First published on MSDN on Apr 10, 2017
Step-by-step guide for setting up LDAPS (LDAP over SSL)
The guide is split into 3 sections :
- Create a Windows Server VM in Azure
- Setup LDAP using AD LDS (Active Directory Lightweight Directory Services)
- Setup LDAPS (LDAP over SSL)
NOTE : The following steps are similar for Windows Server 2008, 2012, 2012 R2 , 2016. In this article, we will use Windows Server 2012 R2.
Create a Windows Server VM in Azure
Create a VM named “ldapstest” Windows Server 2012 R2 Datacenter Standard DS12 using the instructions here: Create a Windows virtual machine with the Azure portal
Connect to the VM ldapstest using Remote Desktop Connection.
Setup LDAP using AD LDS
Now let us add AD LDS in our VM ldapstest
Click on Start --> Server Manager --> Add Roles and Features. Click Next.
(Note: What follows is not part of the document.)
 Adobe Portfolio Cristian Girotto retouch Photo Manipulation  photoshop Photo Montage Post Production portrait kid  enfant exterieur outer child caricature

Choose Role-based or feature-based installation. Click Next.
Select ldapstest server from the server pool. Click Next.
Mark Active Directory Lightweight Directory Services from the list of roles and click Next.
From the list of features, choose nothing – just click Next.
Click Next.
Click Install to start installation.
Once installation is complete, click Close.
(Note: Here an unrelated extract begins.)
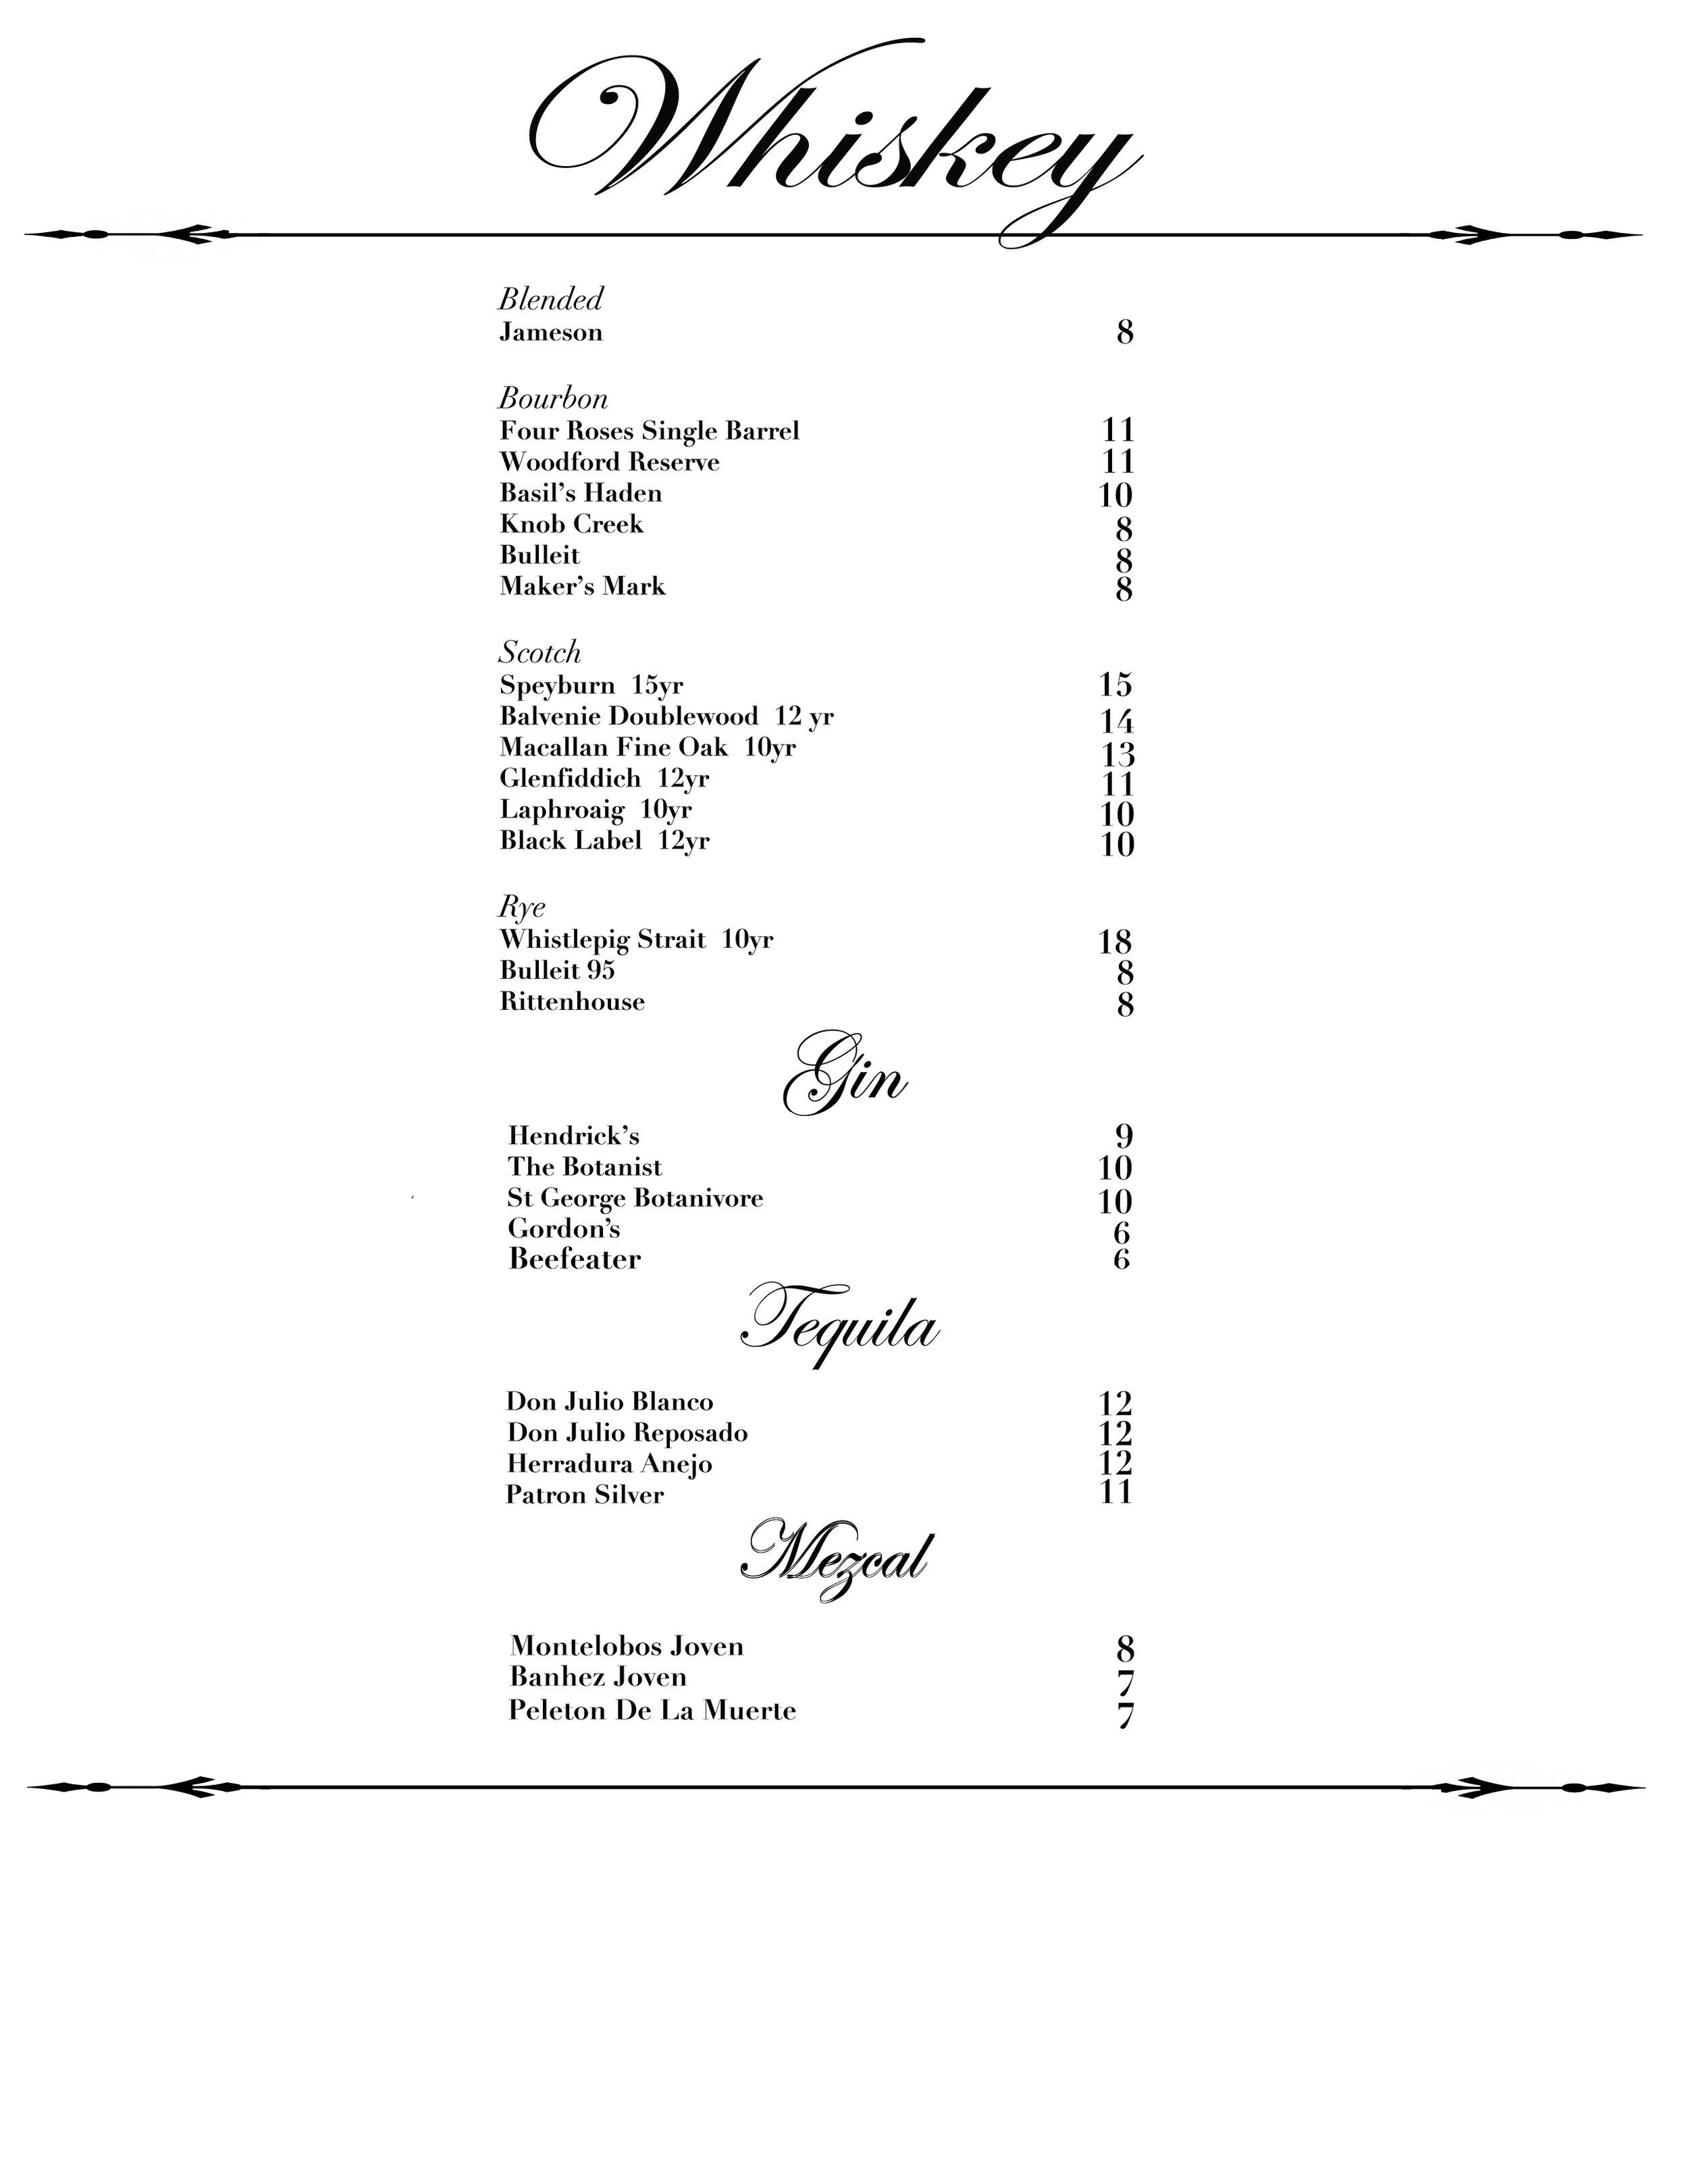 whiskey_new_menu_complete.jpg

Now we have successfully set up AD LDS Role. Let us create a new AD LDS Instance “CONTOSO” using the wizard. Click the “Run the Active Directory Lightweight Directory Services Setup Wizard” in the above screen. And then Click Close.
Choose Unique Instance since we are setting it up for the first time.
Type “CONTOSO” in Instance Name and click Next.
By Default, LDAP Port is 389 and LDAPS port is 636, let us choose the default values - click Next.
Create a new Application Directory Partition named “CN=MRS,DC=CONTOSO,DC=COM”. Click Next.
Using the default values for storage location of ADLDS files- Click Next.
Choosing Network Service Account for running the AD LDS Service.
You will receive a prompt warning about data replication. Since we are using a single LDAP Server, we can click Yes.
Choosing the currently logged on user as an administrator for the AD LDS Instance. Click Next.
Mark all the required LDIF files to import (Here we are marking all files). Click Next.
Verify that all the selections are right and then Click Next to confirm Installation.
Once the instance is setup successfully, click Finish.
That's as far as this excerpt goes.